Transcript of LEGENDA SULTAN DOMAS.docx

Page 1: LEGENDA SULTAN DOMAS.docx

LEGENDA SULTAN DOMAS

Pada zaman dahulu kala di Lampung terdapat sebuah dusun yang cukup ramai di

pinggir sebuah sungai yang mengalir ke Laut Jawa. Dusun atau kampung itu kini

terletak di kota tua Sukadana, Lampung Timur. Pada waktu itu, belum ada jalan

raya, apalagi mobil, sepeda motor, atau kendaraan lain.

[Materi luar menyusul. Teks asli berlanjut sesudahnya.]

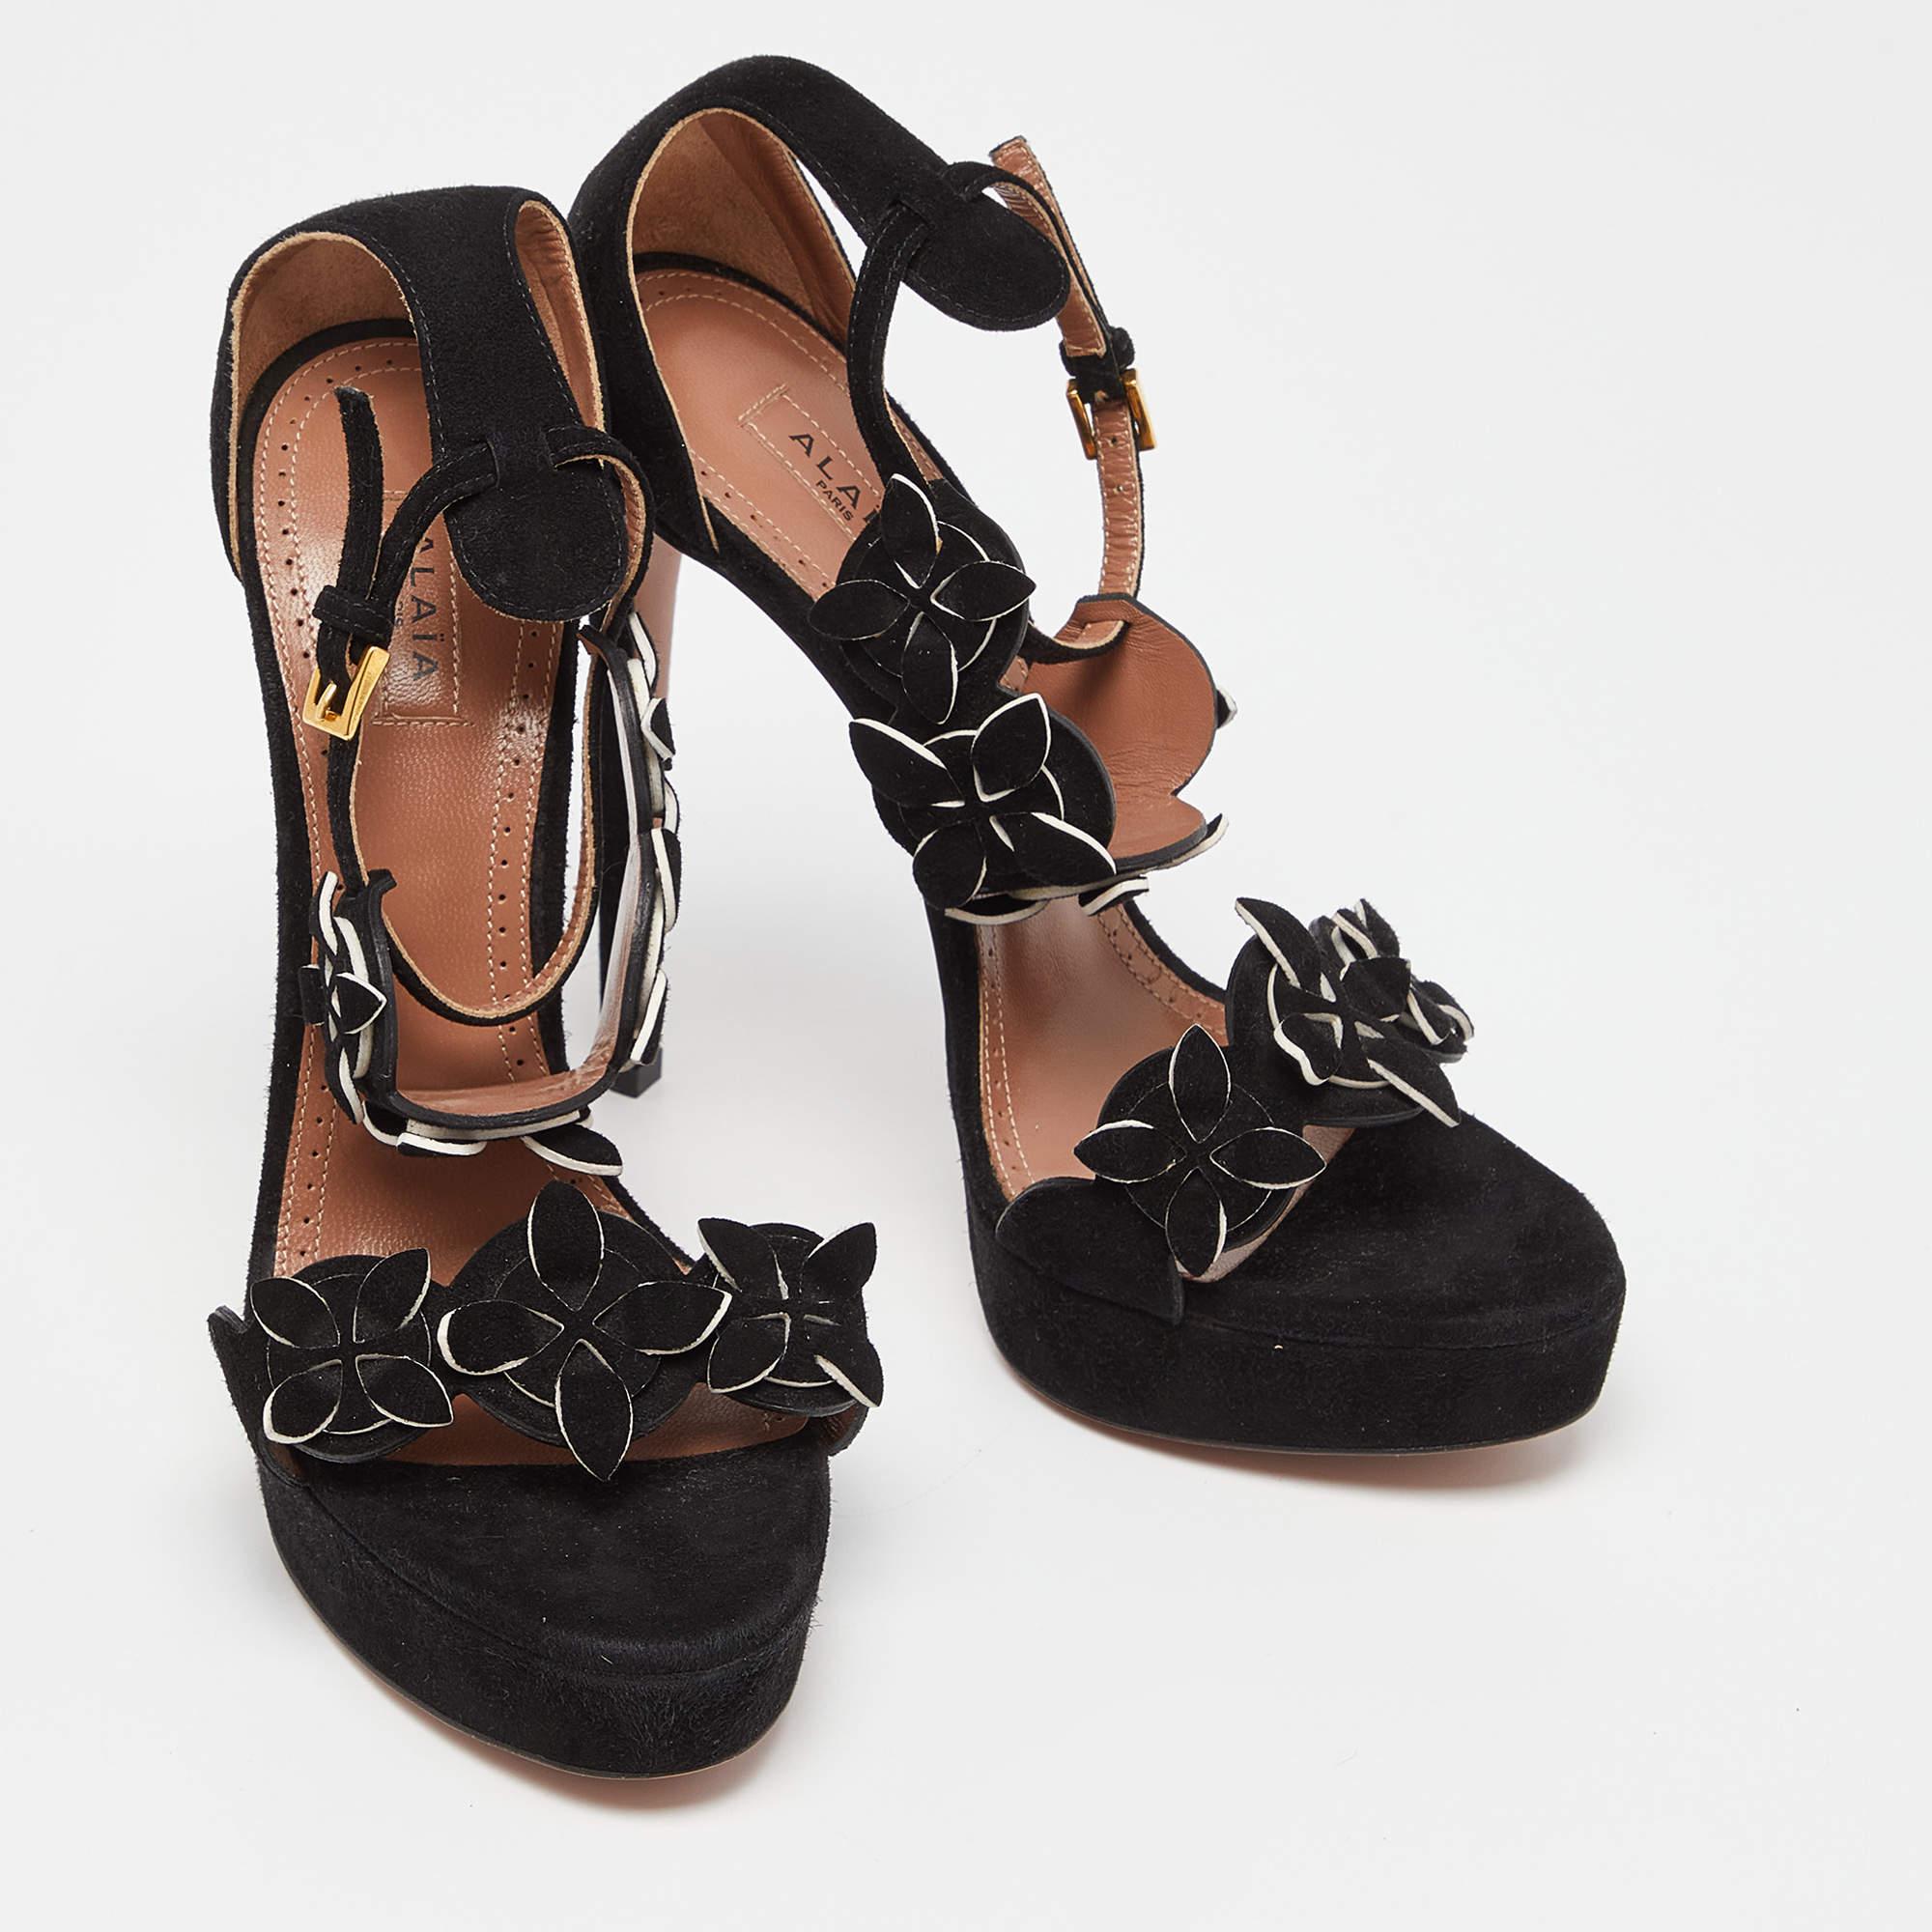 Alaia Black Suede Platform Ankle Strap Sandals Size 38 In Excellent Condition For Sale In Dubai, Al Qouz 2
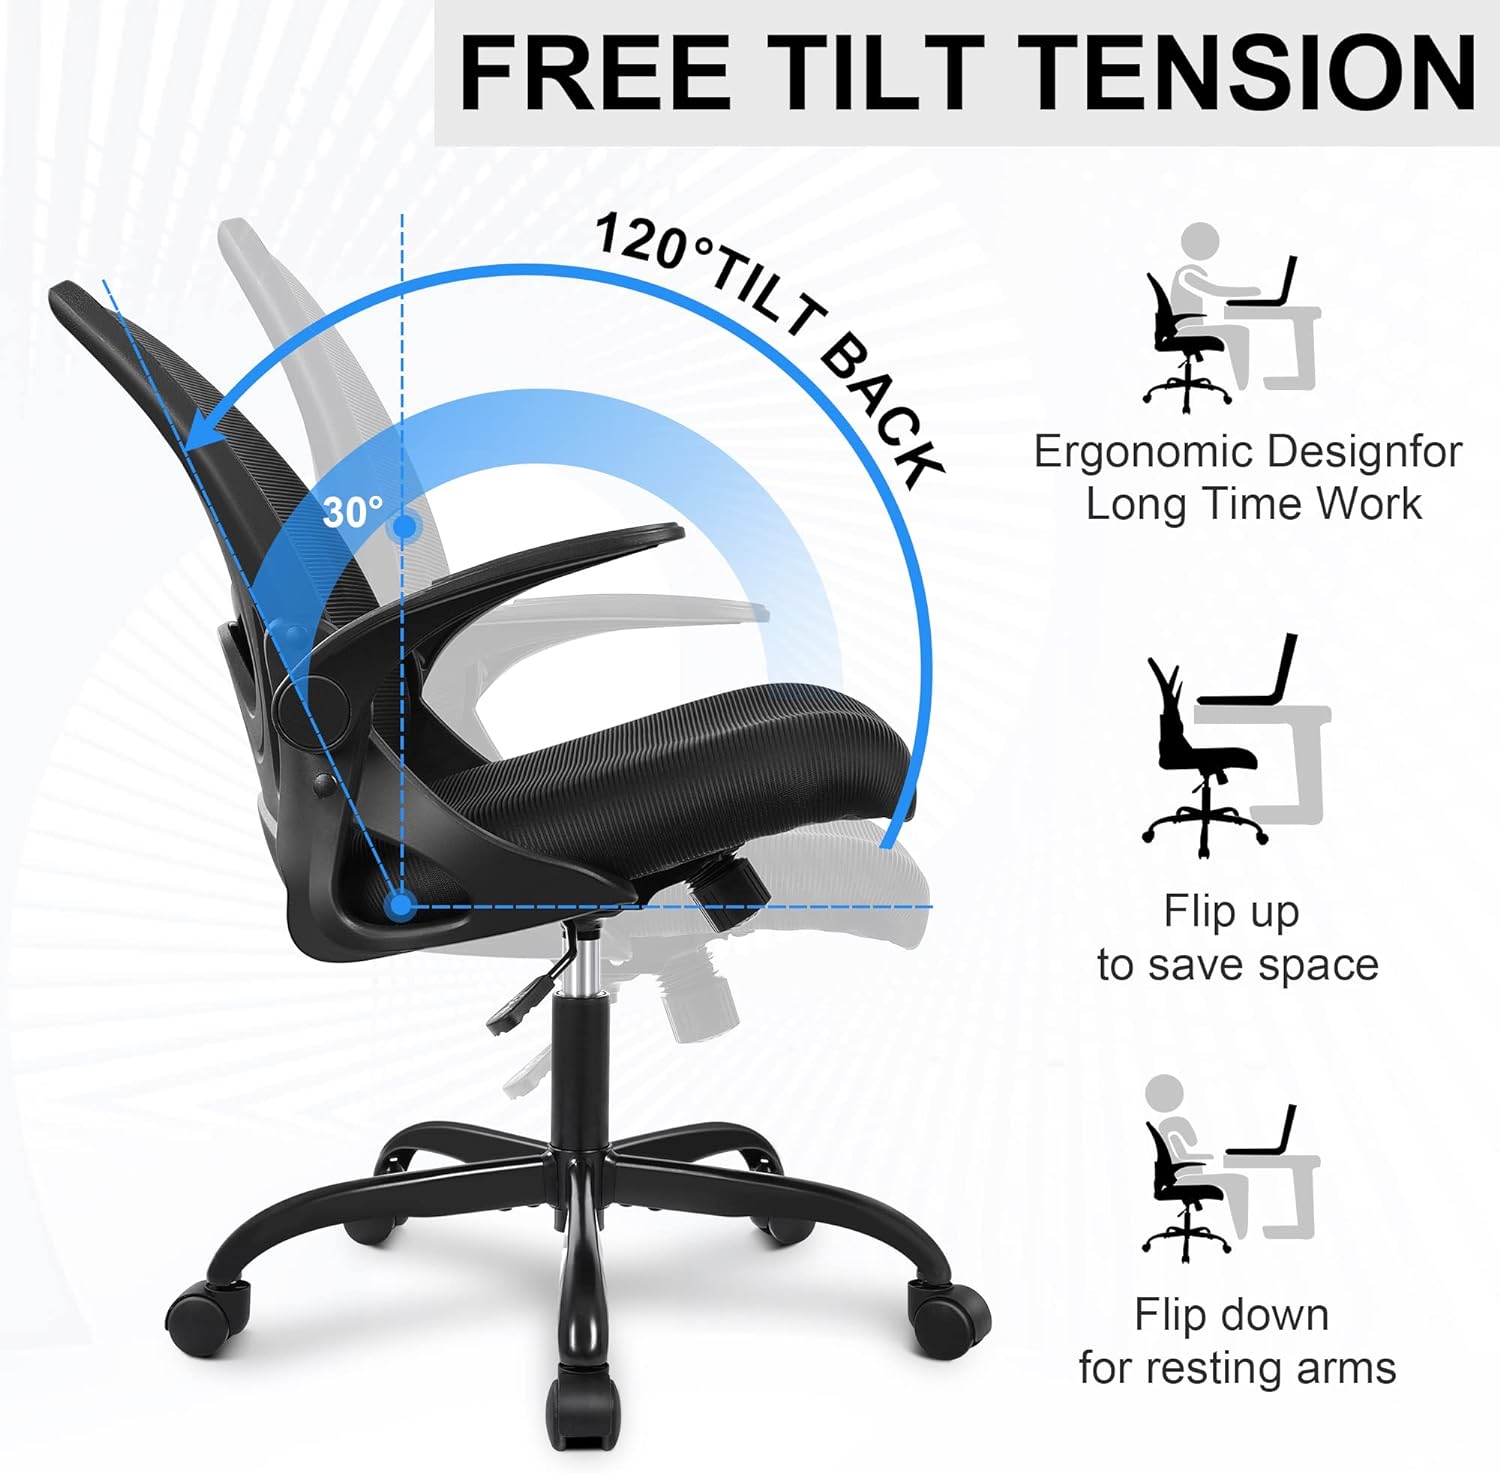 Silla ergonómica – Una silla de escritorio versátil con soporte lumbar  ajustable, respaldo de malla transpirable y ruedas lisas – Experimenta una

Pohon-pohon yang lebat,

Hutan dan jalanan berbatu yang menghiasi kampung tersebut. Rakyat hidup

sederhana. Rumah-rumah masih jarang. Mata pencaharian masyarakat kampung

masih berladang dan berkebun. Di kampung itu hidup seorang pemuda bernama

Domas. Ibu dan ayahnya sudah meninggal dunia. Karena miskin dan tidak punya

harta, Domas sering dihina penduduk kampung sehingga ia jarang keluar dari

gubuk peninggalan orang tuanya. Setiap kali keluar tidak hanya cibiran penduduk

yang Domas dapatkan, jika sedang sial Domas kerap kali menjadi pelampiasan

orang-orang jahat kampung. Tiap hari, kerja Domas ialah memancing ikan di

sungai yang tidak jauh dari gubuknya demi memenuhi kebutuhan hidupnya. Ibu

Domas sering berpesan kepada Domas untuk tidak membalas kejahatan dengan

kejahatan. Oleh karena itu, Domas yang miskin dan yatim piatu itu tidak mau

membenci penduduk kampung meski mereka suka menghina dirinya.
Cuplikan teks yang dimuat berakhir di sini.